The Corporate Governance Branch of the Social Trends Institute seeks to contribute to the analysis of the changes taking place in the governance of the business corporation. At the same time, STI recognizes the enormous contribution that business organizations make toward the socio-economic development of communities around the world and, as such, Corporate Governance seeks to encourage updated business models based on a commitment to creating wealth in ways that are compatible with people's personal and professional development and with society's needs.
The Social Trends Institute, through its members and partners, has links to important business institutions, such as the Strategic Management Society, the European Foundation for Management Development, IESE Business School, and others. The Corporate Governance Branch thus has a unique opportunity to partner with renowned business professors and professionals. STI especially welcomes projects that focus on business ethics and corporate responsibility.
Corporate Governance Experts Meetings include:
The Responsible Corporation in a Global Economy
Held at Warwick Business School and hosted by Professor Colin Crouch in March 2009, this Experts Meeting focused on questions related to Corporate Social Responsibility (CSR). Drawing from scholars and practitioners from all different viewpoints, the meeting attempted to discuss and answer such questions as: Can CSR be regarded as an important contributor to public policy? What issues are raised by CSR for international organizations and corporations? Can the term "corporate citizenship" be correctly applied to CSR activities?
We look forward to presenting the resulting publication in 2010.
Rethinking Business Management
An experts meeting entitled Rethinking Business Management was held on May 17-19, 2007 in Princeton, New Jersey. The meeting, supported by STI and organized by the Witherspoon Institute, examined experiences of business school education in light of social and ethical responsibilities. The thesis presented for discussion at the conference was that effective management is grounded both on good business science and on robust ethical and anthropological conceptions of human flourishing.

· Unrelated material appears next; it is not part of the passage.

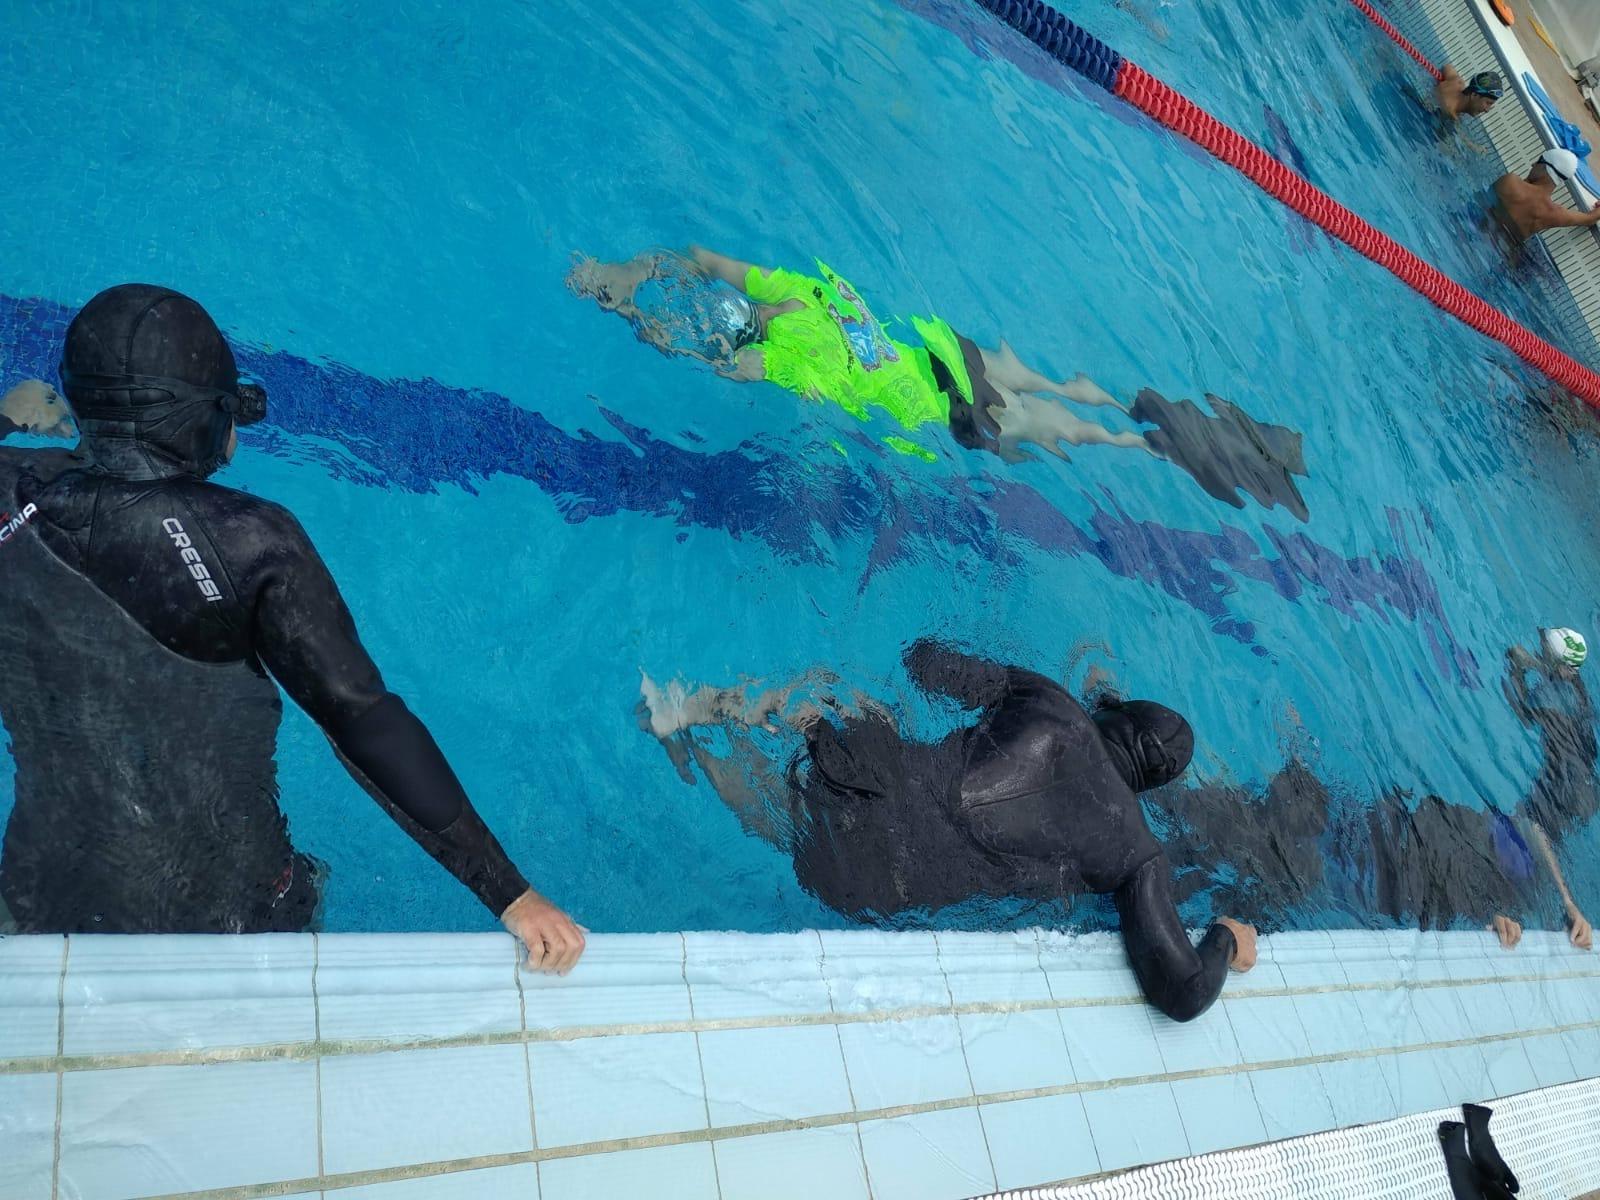 instructor de apnea enseña cómo hacer apnea dinámica
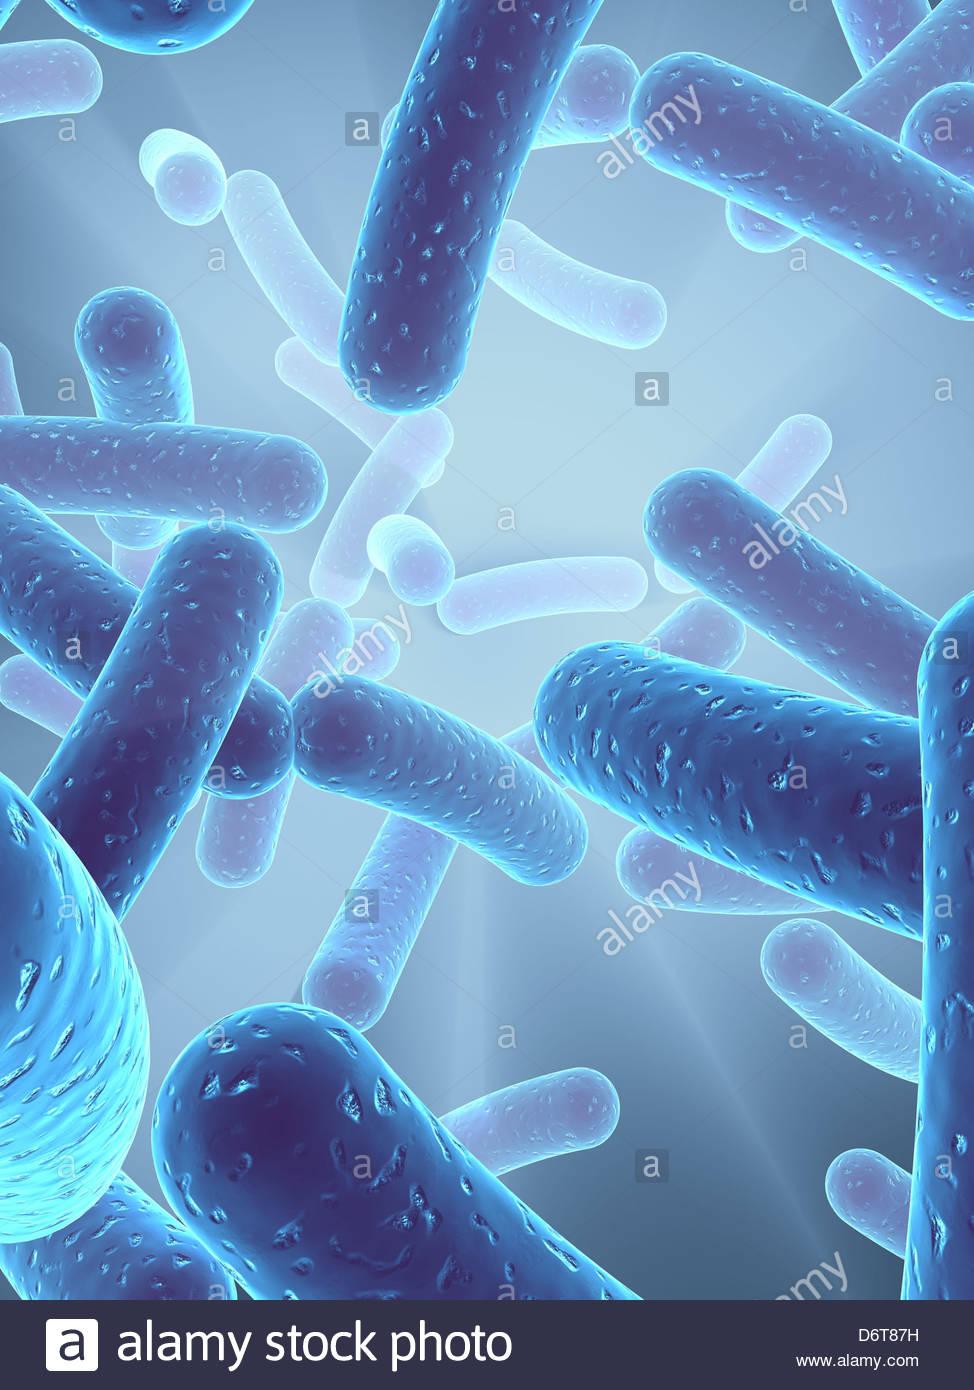 bacterium,medical illustrations - Stock Image

The conference resulted in a publication on the foundations of management originally titled Rethinking Business Management: Examining the Foundations of Business Education, and subsequently reprinted as Profit, Prudence and Virtue - Essays in Ethics, Business and Management. It is hoped this line of thought may encourage re-examination of business school curricula.
Faith and Economics
An Experts Meeting on Faith and Economics took place on March 18-19, 2007 at the European University Institute in Florence. The meeting, led by Harold James, analyzed the widespread view that the practice of economics has become technocratic and detached from commitments to broader ethical, moral and religious values. The meeting advanced from two premises: first, that mankind’s spiritual and practical developments cannot be separated from each other; and second, that spiritual poverty engenders social and economic fragmentation and erosion. Four prominent international economic policy-makers – Anwar Ibrahim, Michel Camdessus, Emma Rothschild and Amartya Sen – and Harold James explored the relationship between faith, economic and distributional justice, and policy applications.
The meeting dealt with questions such as: Has policy-making become too technocratic and too separated from the awareness of the dignity of an individual? What kinds of conceptions of freedom help to form a just approach to policy questions? What links can be established – or debunked – between poverty and spiritual condition?
Ethics, Families, Entrepreneurship and the Corporation
In partnership with The Witherspoon Institute, STI hosted a conference in Princeton from March 9-11, 2006. The conference was in honor of the late Peter T. Bauer, whose contributions to the public dialogue about economics and economic policy-making were unmatched. As a professor of economics at the London School of Economics, he shifted public discussion from macro-economic Keynesian approaches to a concrete look at the micro-economic preconditions for success. Peter Bauer was especially worried about the way in which state planners subverted and destroyed traditional institutions which were actually essential to the smooth functioning of a market. One of the most obvious of these foundations was the family, and Peter Bauer devoted a considerable part of his analysis to these problems.
Directed by Harold James, renowned Princeton University professor, the conference aimed to study how the family has played, does play and will continue to play a decisive role in the history of capitalism.